在示例性實施例中，電子設備800可以被一個或多個應用專用積體電路（ASIC）、數位訊號處理器（DSP）、數位訊號處理設備（DSPD）、可程式化邏輯裝置（PLD）、現場可程式化邏輯閘陣列（FPGA）、控制器、微控制器、微處理器或其他電子元件實現，用於執行上述方法。In an exemplary embodiment, electronic device 800 may be implemented by one or more application specific integrated circuits (ASICs), digital signal processors (DSPs), digital signal processing devices (DSPDs), programmable logic devices (PLDs), Field Programmable Logic Gate Array (FPGA), controller, microcontroller, microprocessor or other electronic component implementation for performing the above method.

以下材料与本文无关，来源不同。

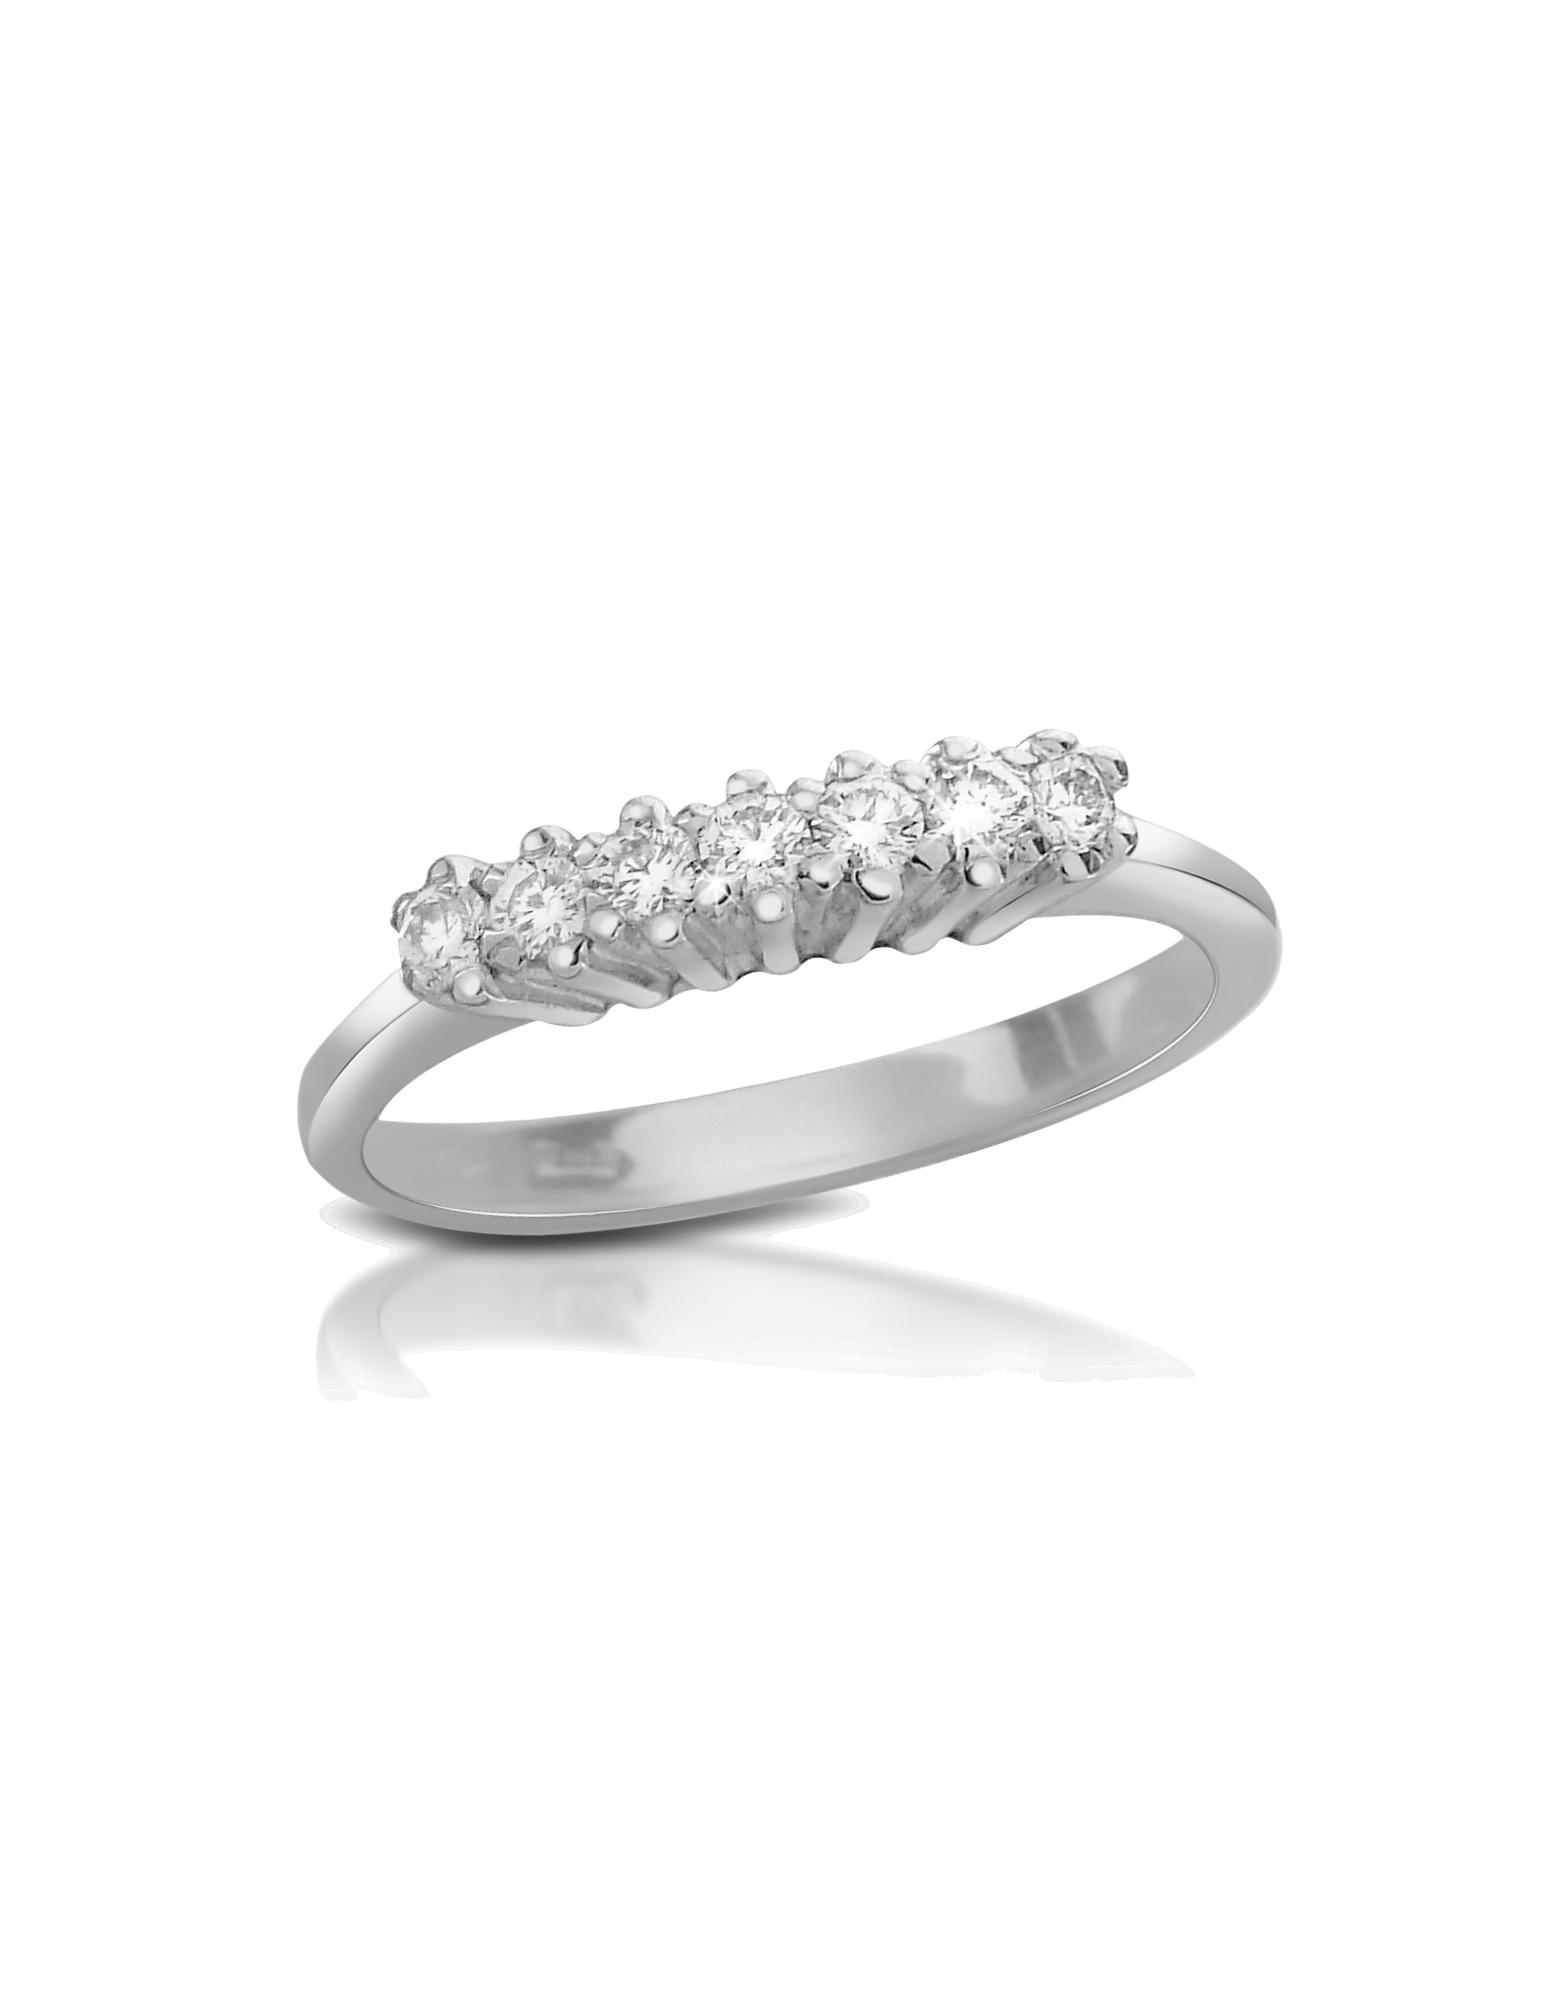 Image of 0.10 ct Diamond 18K Gold Band Ring

在示例性實施例中，還提供了一種非揮發性電腦可讀儲存介質，例如包括電腦程式指令的記憶體804，上述電腦程式指令可由電子設備800的處理器820執行以完成上述方法。In an exemplary embodiment, a non-volatile computer-readable storage medium is also provided, such as a memory 804 including computer program instructions executable by the processor 820 of the electronic device 800 to accomplish the above method.

圖5是根據本發明實施例的一種電子設備1900的方塊圖。例如，電子設備1900可以被提供爲一伺服器。參照圖5，電子設備1900包括處理組件1922，其進一步包括一個或多個處理器，以及由記憶體1932所代表的記憶體資源，用於儲存可由處理組件1922的執行的指令，例如應用程式。記憶體1932中儲存的應用程式可以包括一個或一個以上的每一個對應於一組指令的模組。此外，處理組件1922被配置爲執行指令，以執行上述方法。FIG. 5 is a block diagram of an electronic device 1900 according to an embodiment of the present invention. For example, the electronic device 1900 may be provided as a server. 5, electronic device 1900 includes processing component 1922, which further includes one or more processors, and memory resources represented by memory 1932 for storing instructions executable by processing component 1922, such as applications. An application program stored in memory 1932 may include one or more modules, each corresponding to a set of instructions. Additionally, the processing component 1922 is configured to execute instructions to perform the above-described methods.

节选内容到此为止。